While you can’t spot-reduce you can work on increasing your metabolic rate, which will help burn fat on your lower half. By defining your top half more you can create a balance in your body shape.

THE WORKOUT:

Squats touchdown: squat and hit the floor in between your legs keeping your back straight. To make it harder, wear a weighted vest, or a backpack filled with books

Lunge jumps: from standing position go into a lunge. Then jump straight up and swap legs

Single leg squats: squat on one leg, getting as low as you can without arching your back. Sit with your weight back in your heel

Squat jumps: From a normal squat position,  jump straight up, swinging arms overhead

Walking lunges: go into a normal lunge position, with knees at right angles. Then stand straight and lunge forward with your other leg so that you are walking in a straight line

Do three to five sets of 20 reps with minimal rest.

EXTRA CLASSES:

COREFIT, a strength and conditioning full body workout. It’s a dynamic combination of gymnastics, Olympic lifts and cardio exercises designed to push your body and fitness to the max.

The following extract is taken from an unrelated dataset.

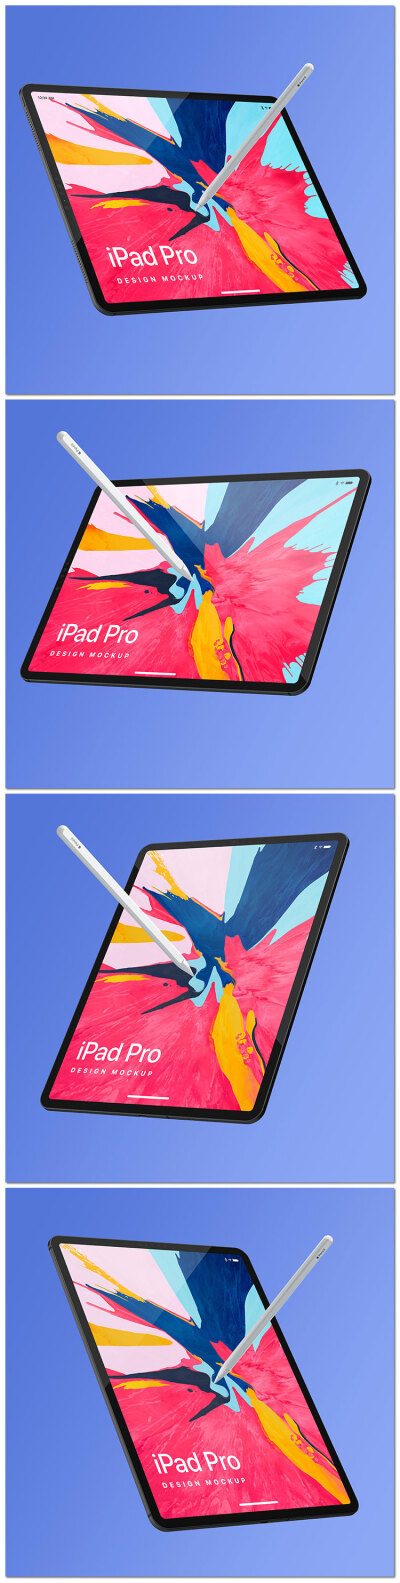 苹果平板电脑iPad Pro产品摄影展示样机贴图海报psd模板素材设计
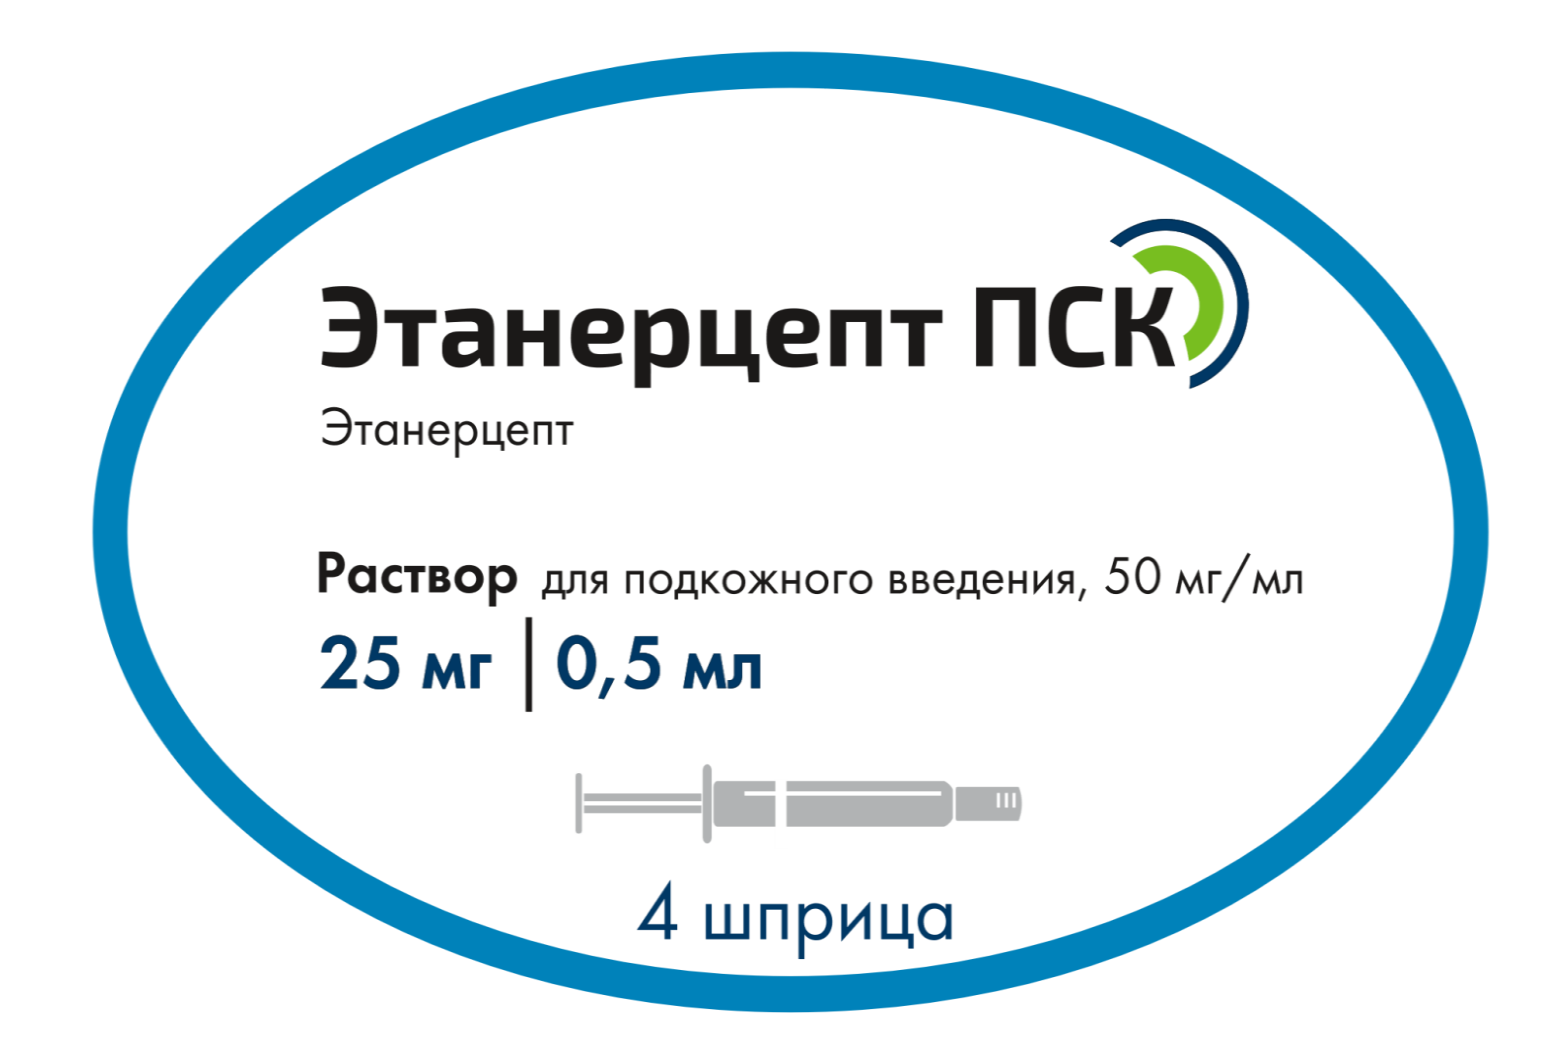 Первый российский биосимиляр «Этанерцепт ПСК» для лечения ревматических .

Where? Core Direction, Dreams Tower 2, Dubai Marina here

 

BODY SHAPE: TOP HEAVY

Big-busted women can look barrel-shaped if overweight with bingo wings and bra strap overhang common issues. Another is stress as the cortisol hormone triggers fat storage, particularly around the abdomen.

THE WORKOUT:

Burpees to shoulder press: begin in a squat position with hands on the floor in front of you. Kick your feet back to a press up position. Immediately return your feet to the squat position. Leap up with arms overhead with a weight bag

Rotational press up: assume the classic push up position, but as you come up, rotate your body, lifting your right arm overhead so your arms and torso form a T. Return and repeat with the left arm

Tricep dips: Position your hands shoulder-width apart on a bench or stable chair. Slide your butt off the bench with legs extended. Slowly bend your elbows, lowering your body to the floor until your elbows are at a 90-degree angle

Squat jumps: as before

Supermans: lie on stomach, arms and legs straight and lift off the floor

Do three to five sets of 20 reps with minimal rest.

EXTRA CLASSES:

Body Pump sculpts, tones and strengthens your entire body, focusing on low weight loads and high repetition movements.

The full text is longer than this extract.